# [Goal of the exercise]
Output the full listing below exactly; the images stay out.

═════ Input data

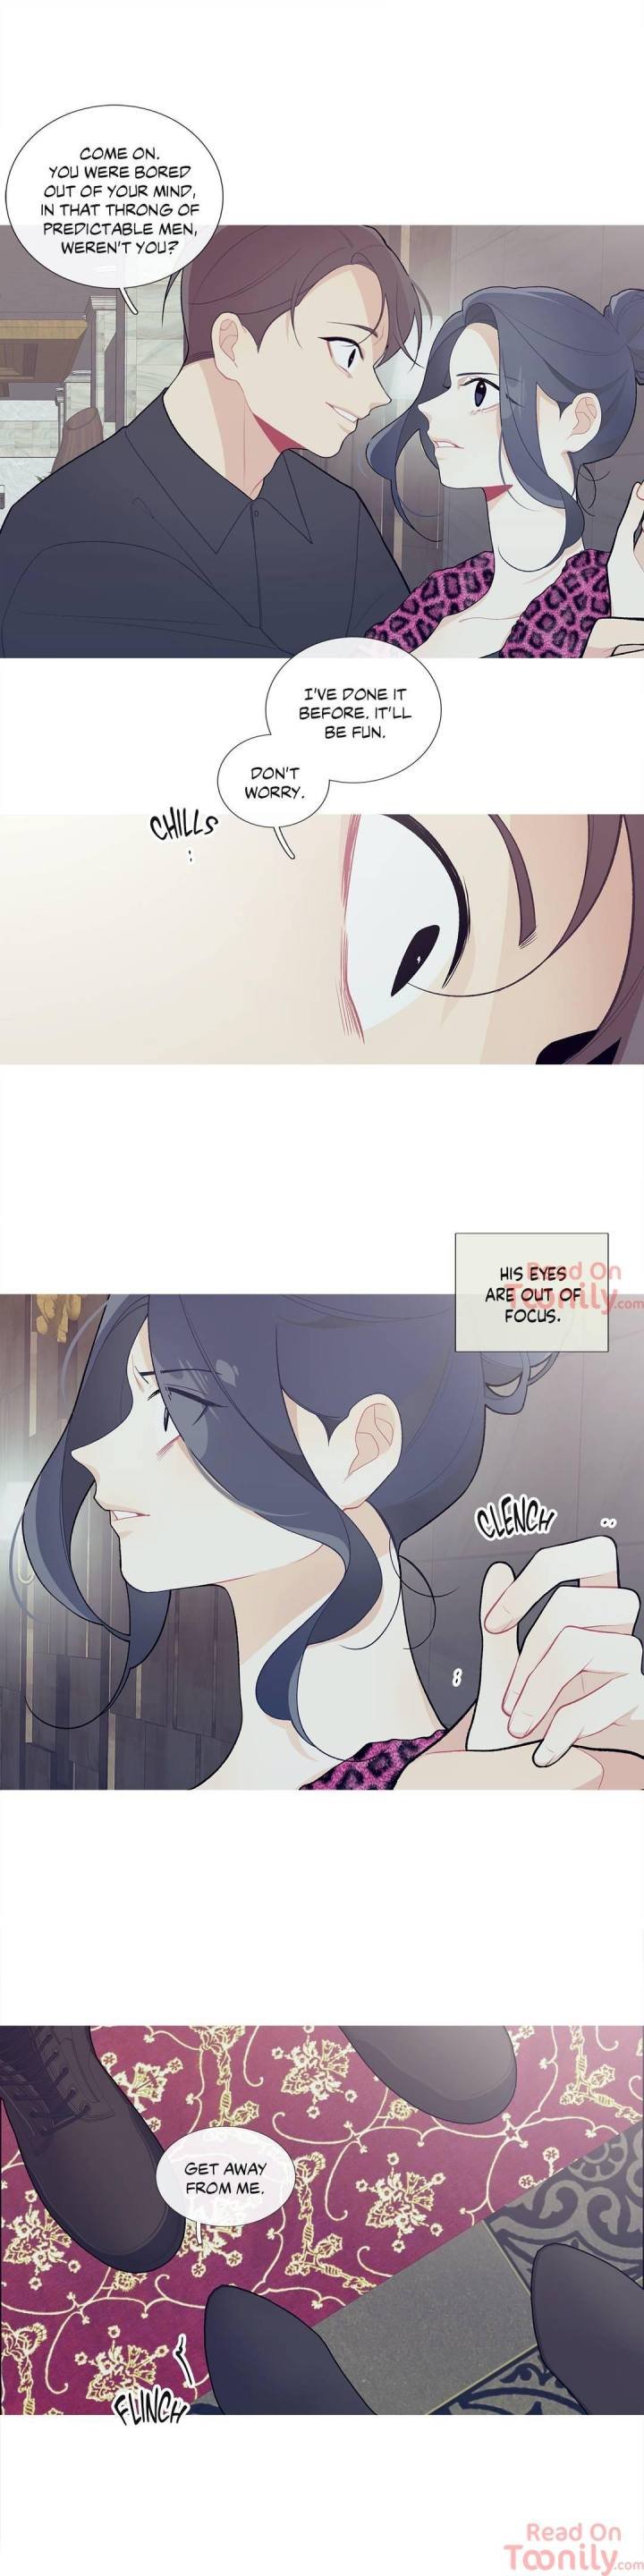 whats-going-on-chap-34-4
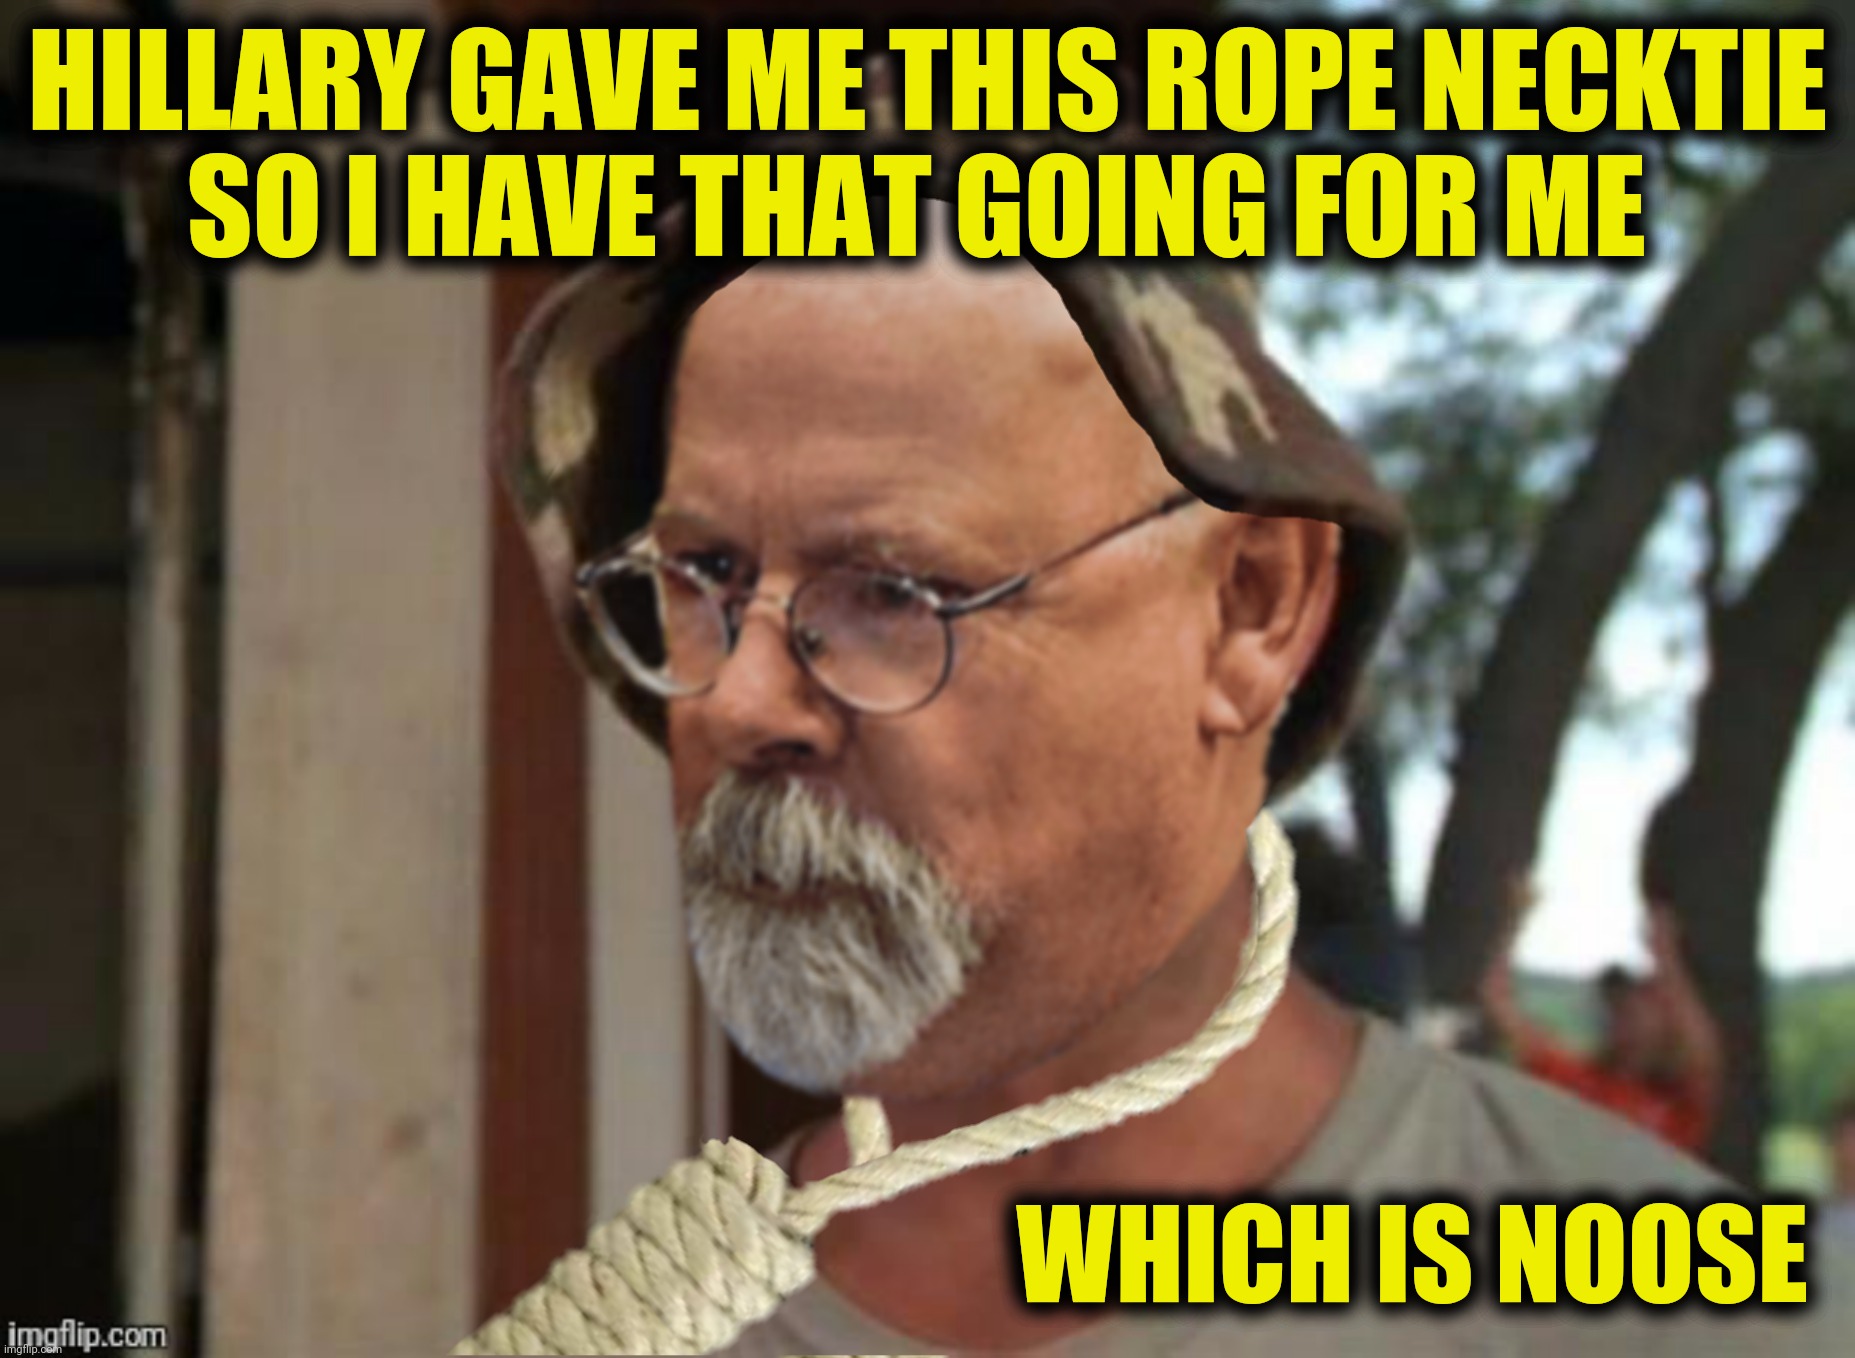 HILLARY GAVE ME THIS ROPE NECKTIE
SO I HAVE THAT GOING FOR ME WHICH IS NOOSE | made w/ Imgflip meme maker
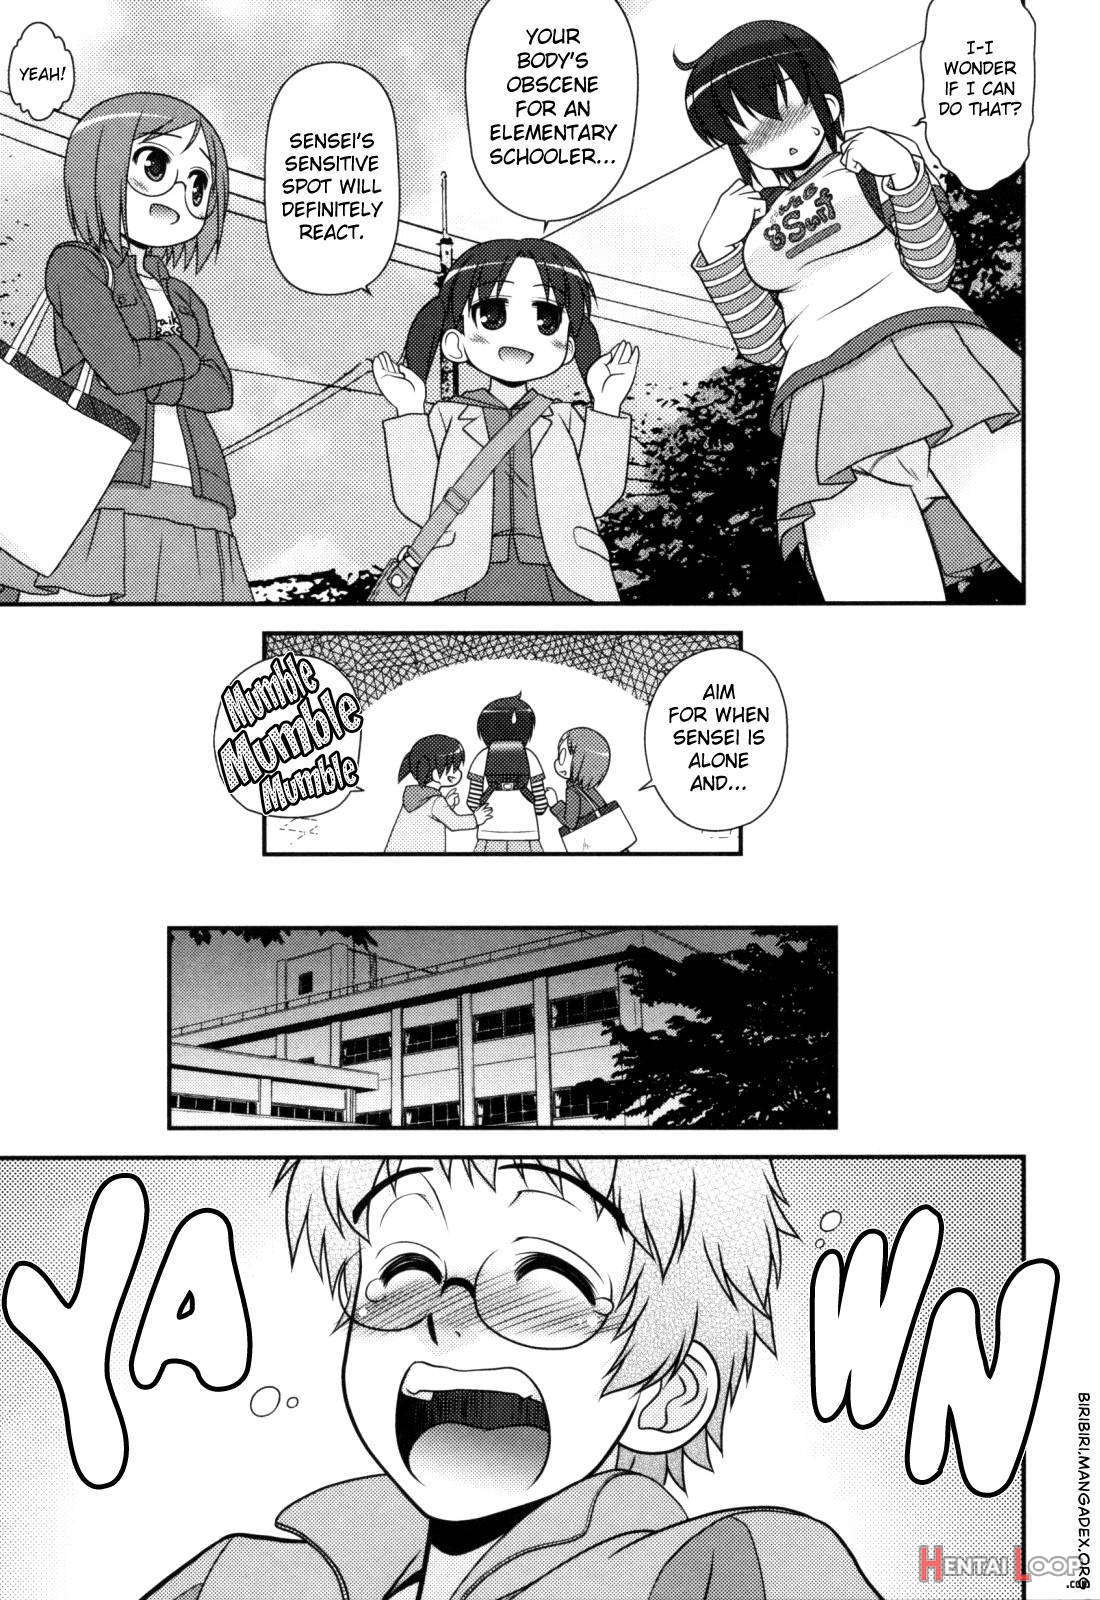 Aoi-chan Attack! page 8

══════════

# [Solution to the exercise]
 whats-going-on-chap-34-4
 HILLARY GAVE ME THIS ROPE NECKTIE
SO I HAVE THAT GOING FOR ME WHICH IS NOOSE | made w/ Imgflip meme maker
 Aoi-chan Attack! page 8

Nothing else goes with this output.